Fig.3. Hw/Sw co-design for MPSoC using FPGA IP cores

## 2.1. Hardware design

The architecture of multiprocessor systems on chip based on FPGA using IP blocks, can be implemented using a common bus to all processors, or can be made from a hierarchy of buses corresponding to each processor, interconnected by linking elements[12].

Although the shared bus architecture has the advantage of lowering the power consumption and the cost of the chip by using a single bus, it has a major disadvantage: the arbitration protocols that allow the access of the processors to the bus are slowing down the execution of the application. Due to the fact that at a certain point the access to the bus is allowed to a single processor, the arbitration protocols such as Round Robin and Priority Based, force the other processors to wait until the bus is ready [13].



Fig.4. Shared memory multiprocessor system architecture

Although the chip cost and the power consumption is higher because new components have been added (buses) to the system, the architecture with multiple buses allows a faster execution of the applications because the usage of protocols is no longer needed. The intercommunication between subsystems based on processor bus groups is made using dedicated components such as: internal or external shared memory, Mailbox, Mutex, FSL or Bus Bridge [8][13].
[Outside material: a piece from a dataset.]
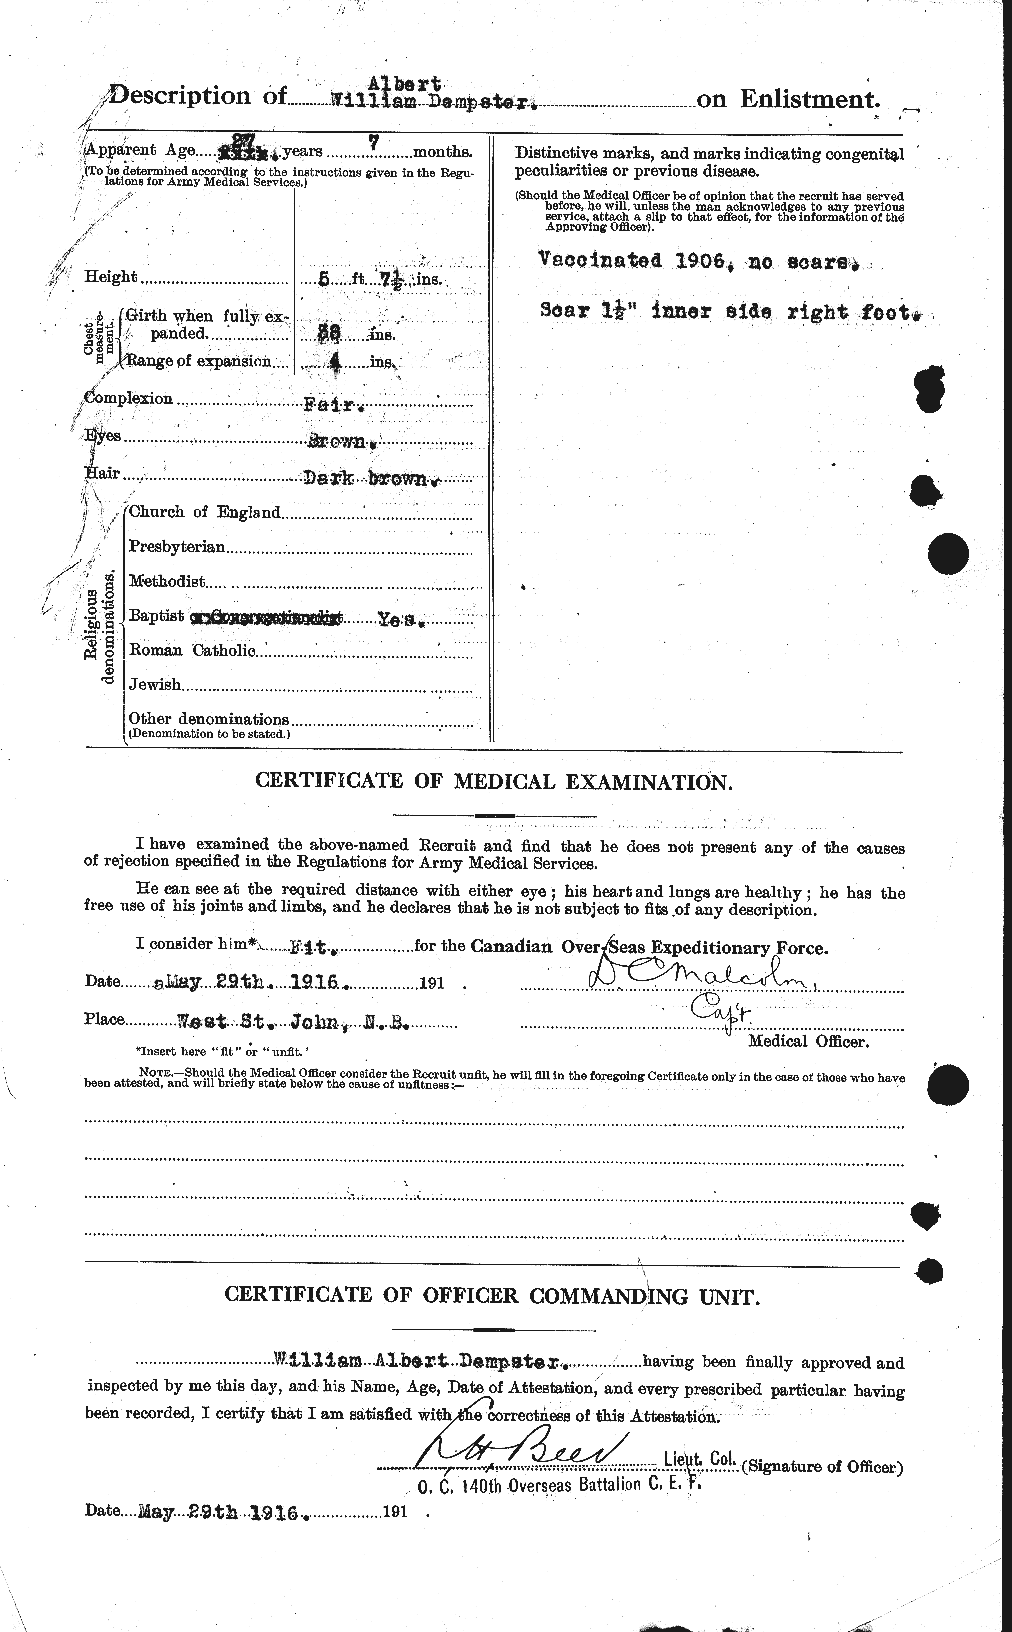 Dossiers du Personnel de la Première Guerre mondiale - CEC 286981b

Fig.5. System architecture with two processors that can communicate with each other

Common components can have 2 or more interconnection ports. By their nature, these multiport connection components allow the interconnecting of multiple buses independent one to another. By isolating each subsystem, a subsystem's bus will be ready when the other subsystems use its own bus to send data. These subsystems can have a set of peripherals corresponding to each subsystem but also a set of common peripherals.

In this paper we have used a multiprocessor system on chip implemented by 2 subsystems interconnected through the IP cores XPS\_Mutex, Shared XPS\_Bram and XPS\_PLB\_Bus\_Bridge, having as common shared resource the IP core peripheral XPS\_RS232. Every subsystem contains one MicroBlaze processor, a PLB bus, an XPS\_timer and a private memory called XPS\_Bram. Moreover, the first subsystem contains the external SRAM memory controller and the RS232 and XPS\_Sysace peripherals. The role of each functional block of this architecture is described as follows[8][13]:

XPS\_RS232 is the controller used for serial communication to the computer through HyperTerminal, required for the display of messages during the execution.

XPS\_Mutex is used to ensure the exclusive access to the shared peripheral RS232.

Shared XPS\_Bram is the memory zone shared by the two processors of the system, that is required for synchronization and exchange of data.

XPS\_PLB\_Bus\_Bridge is used to unite the two buses so that the second processor can access the RS232 controller which is connected to the first processor bus.

PLB is the local processor dedicated bus, through which all the functional blocks of every subsystems are interconnected.

Private XPS\_BRAM is the processor's private cache memory for data and instruction.

The XPS\_Timer is used to obtain the execution time of every stage of the program.

The SRAM memory is used to store the image processed by the application, because the image is too big and it doesn't fit in the internal memory.

XPS\_Sysace is a controller used for accessing the external memory card, where the images that need to be processed are read[8][10][13][14].

## 2.2 Software Design

In order to test the performance of the architectures with one or two processors we've implemented an image filtering algorithm. The incoming data for this algorithm consists in an image with a salt and pepper type noise, and we try to remove it by applying 3 filters: a medium filter, a smoothing effect filter and a sharpening effect filter.

A black and white image, measuring 210x280 pixels has been used during the tests. The format of the image is bmp and the information of a pixel is stored on 8 bits, therefore a pixel can have a decimal value ranging from 0 for black to 255 for white[15].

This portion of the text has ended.